Provided records →
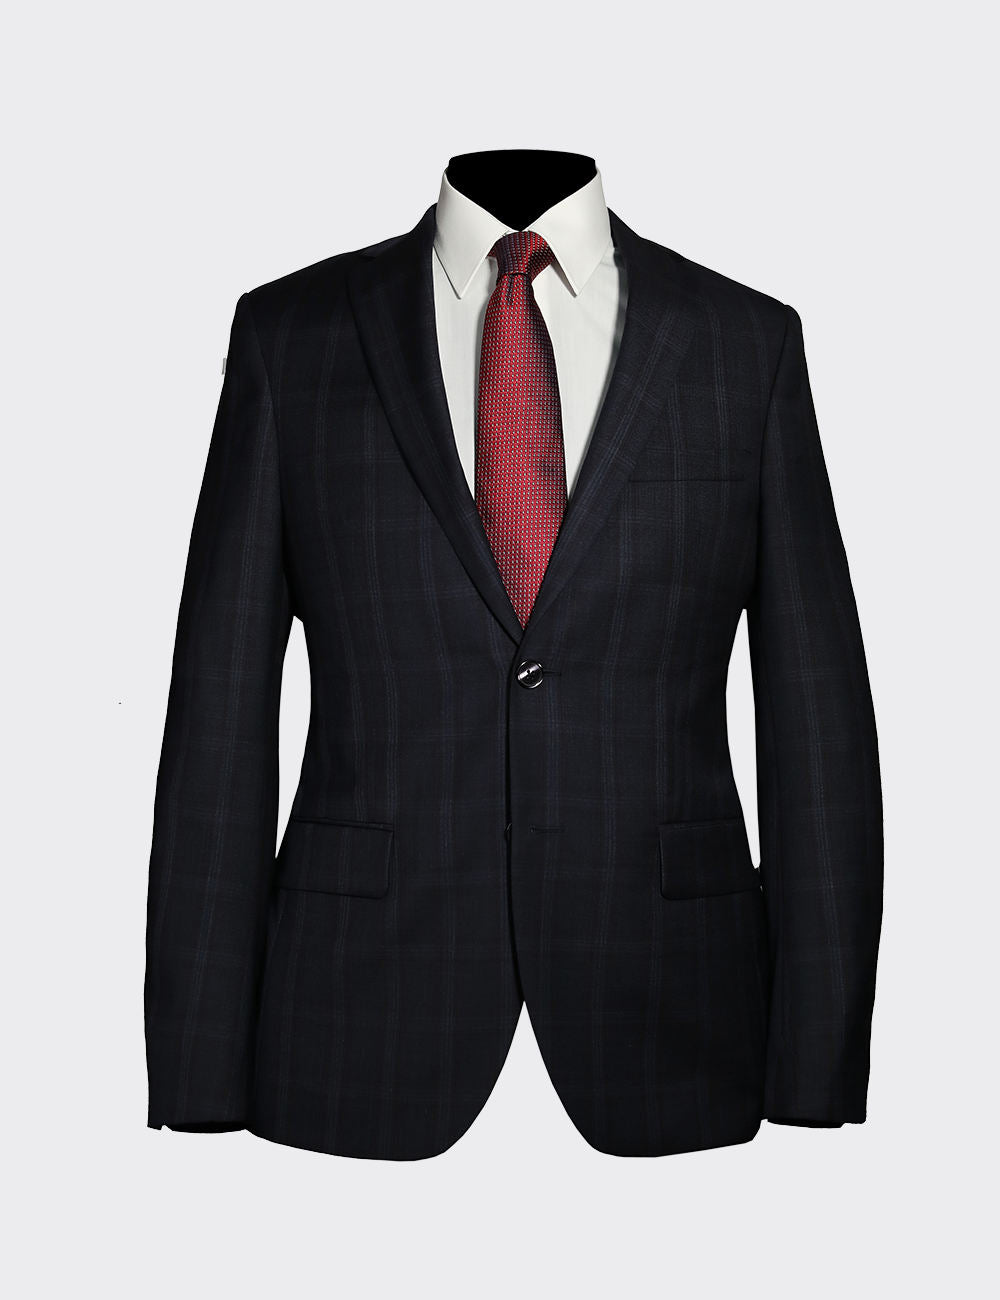 Suits-100%WoolFabricSlim fit cut best quality Italian suits best price latest suits fashion tuxedo suit
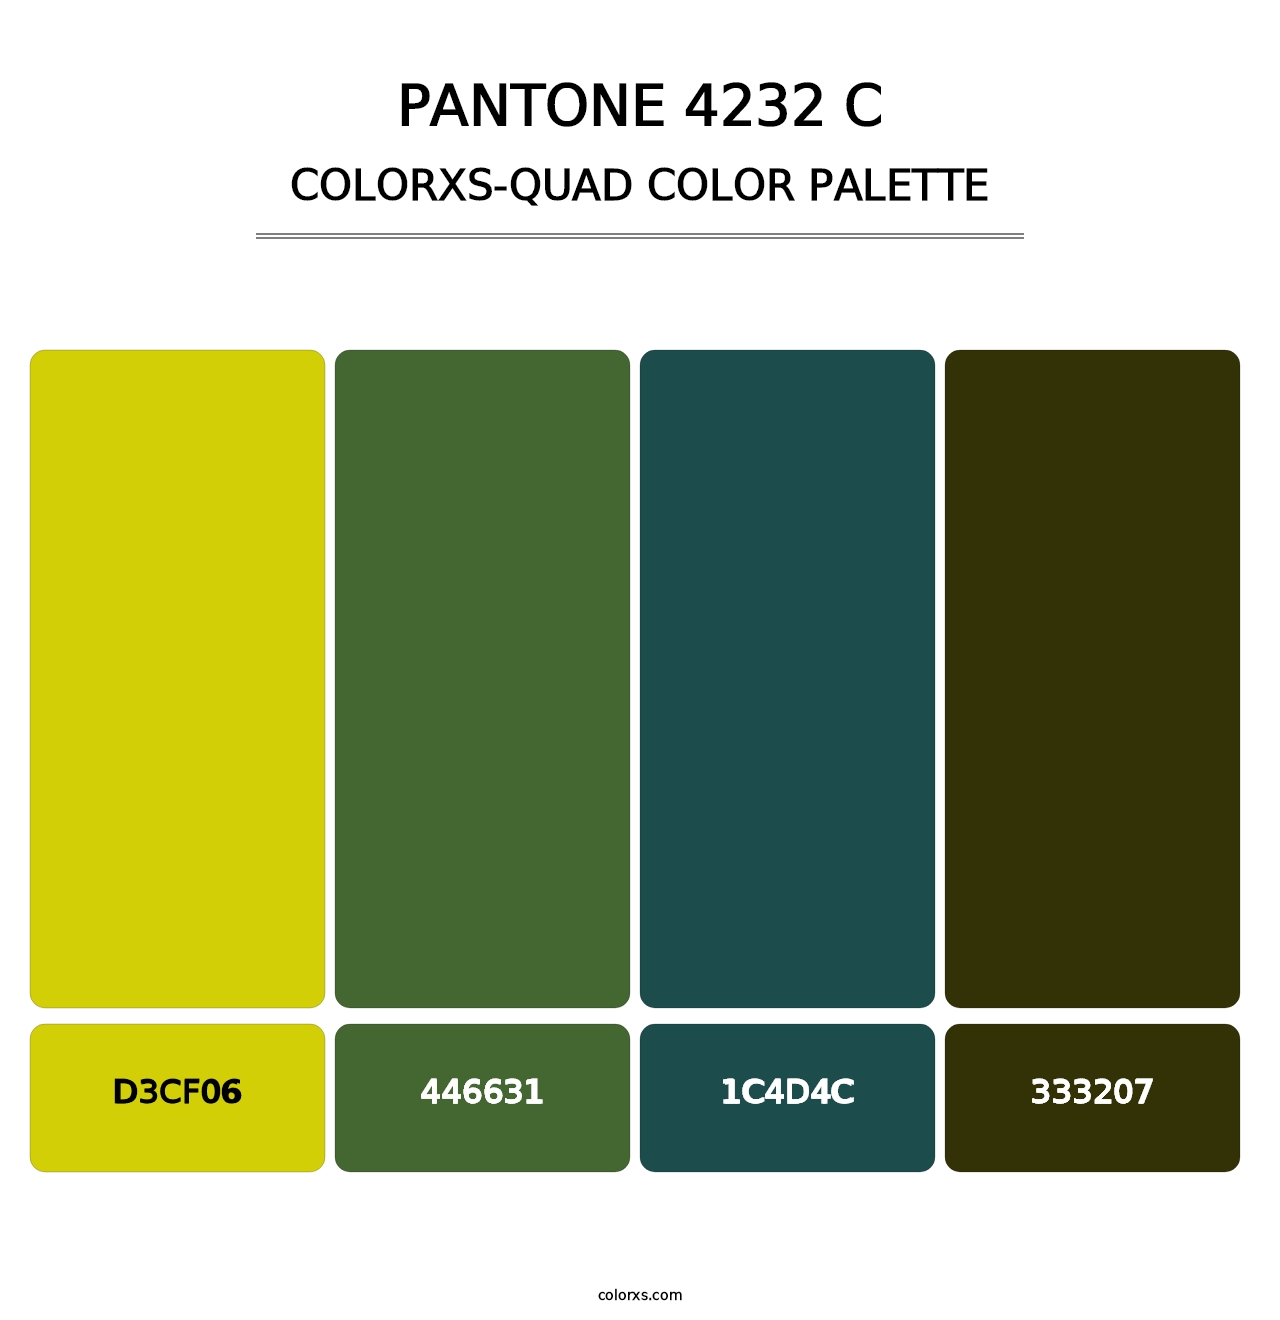 PANTONE 4232 C - Colorxs Quad Palette
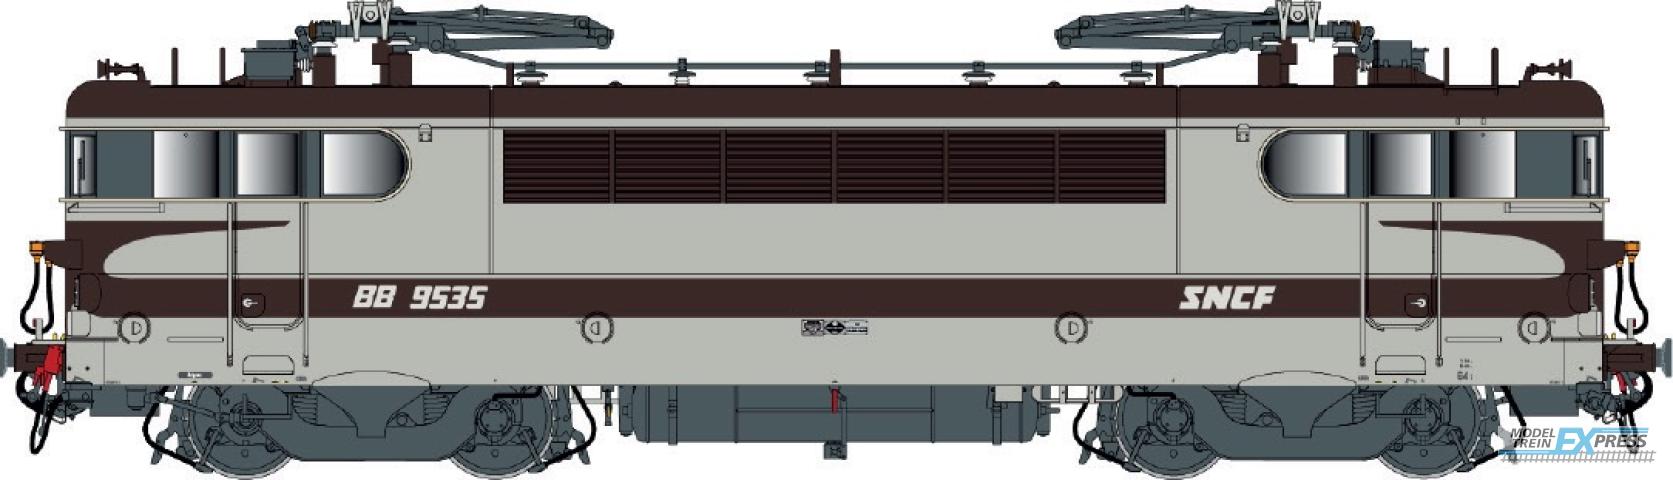 LS Models 10226S BB 9400, grijs/bruin/oranje, Arzens, vet logo  /  Ep. IV-V  /  SNCF  /  HO  /  DC SOUND  /  1 P.
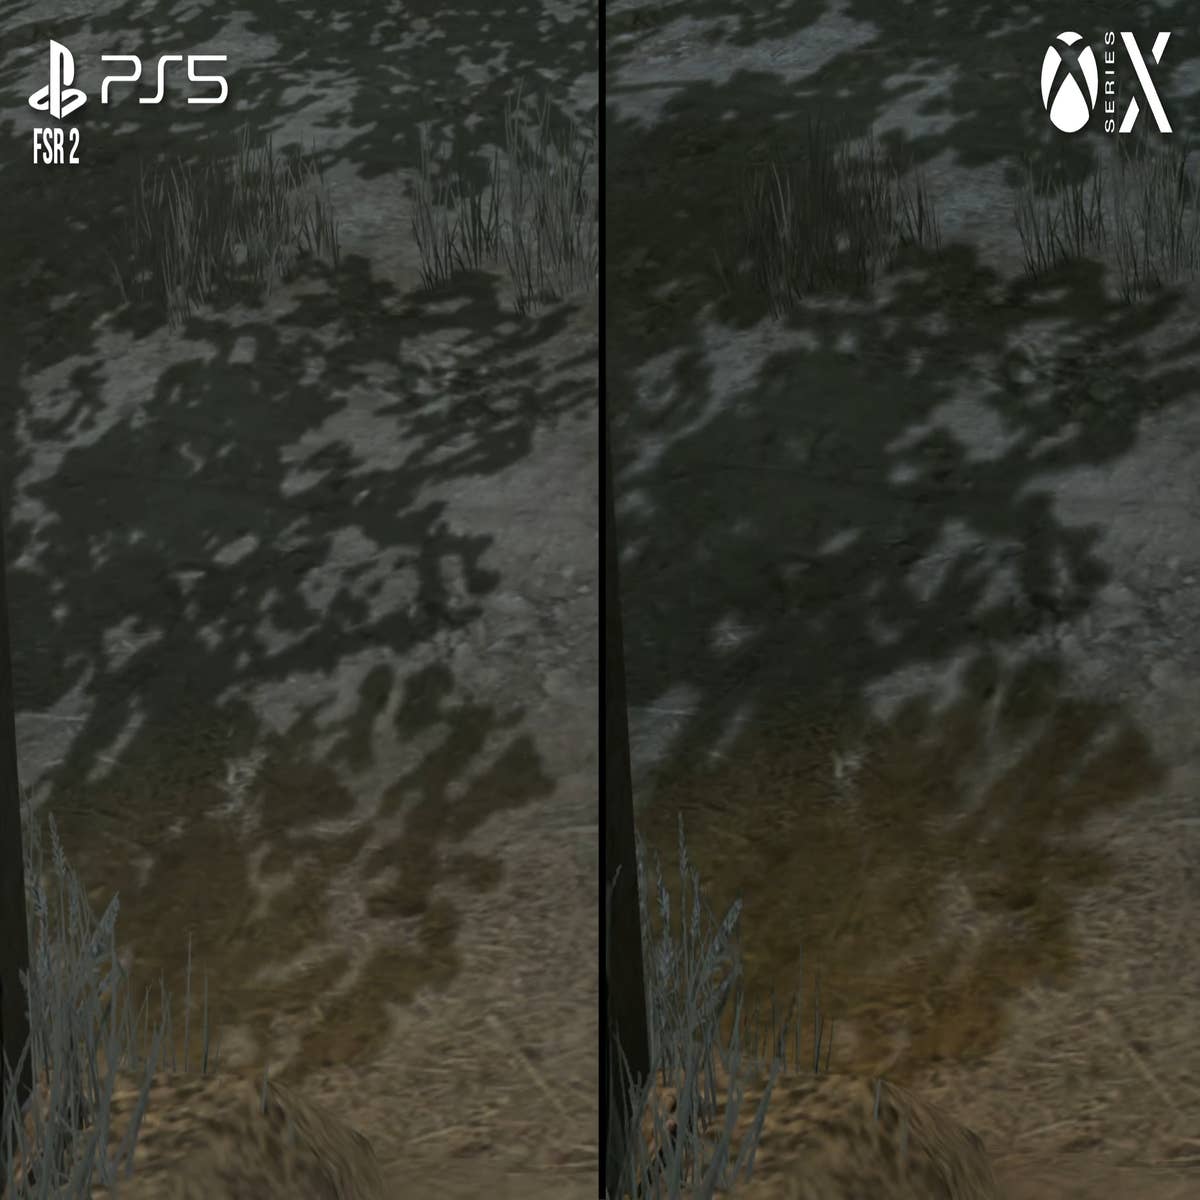 Red Dead Redemption 2 Graphics Comparison (PC vs PS4 Pro) 
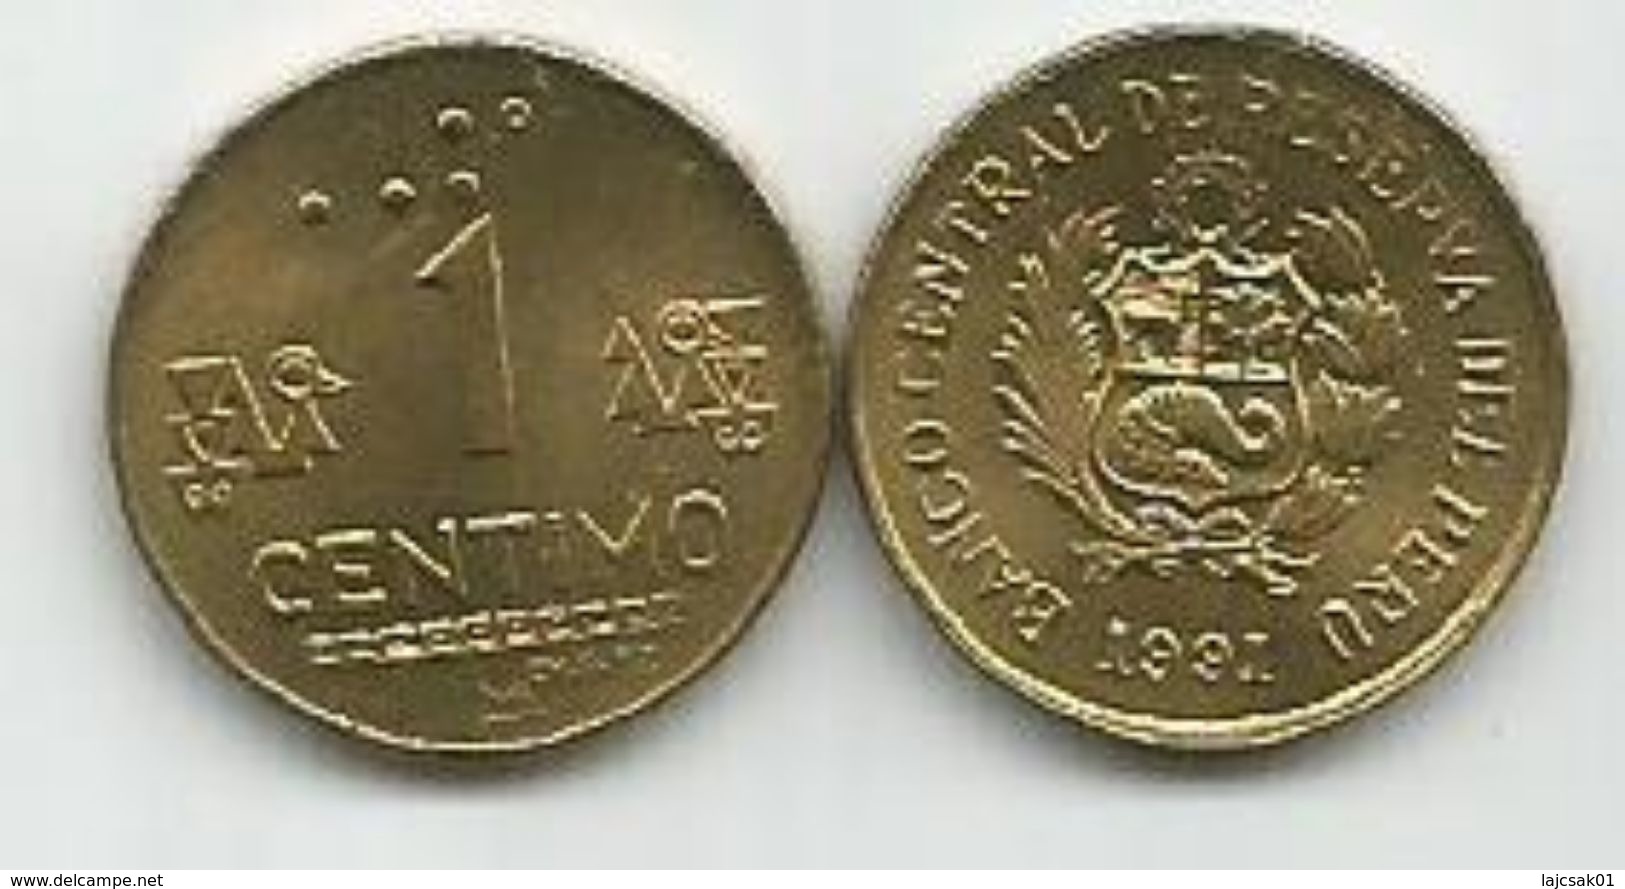 Peru 1 Centimo 1991. KM#303.1 High Grade - Pérou

Prompt → With the pictures left out, return the listing above exactly as it stands.

Expected answer →
 Suits-100%WoolFabricSlim fit cut best quality Italian suits best price latest suits fashion tuxedo suit
 PANTONE 4232 C - Colorxs Quad Palette
 LS Models 10226S BB 9400, grijs/bruin/oranje, Arzens, vet logo  /  Ep. IV-V  /  SNCF  /  HO  /  DC SOUND  /  1 P.
 Red Dead Redemption 2 Graphics Comparison (PC vs PS4 Pro) 
 Peru 1 Centimo 1991. KM#303.1 High Grade - Pérou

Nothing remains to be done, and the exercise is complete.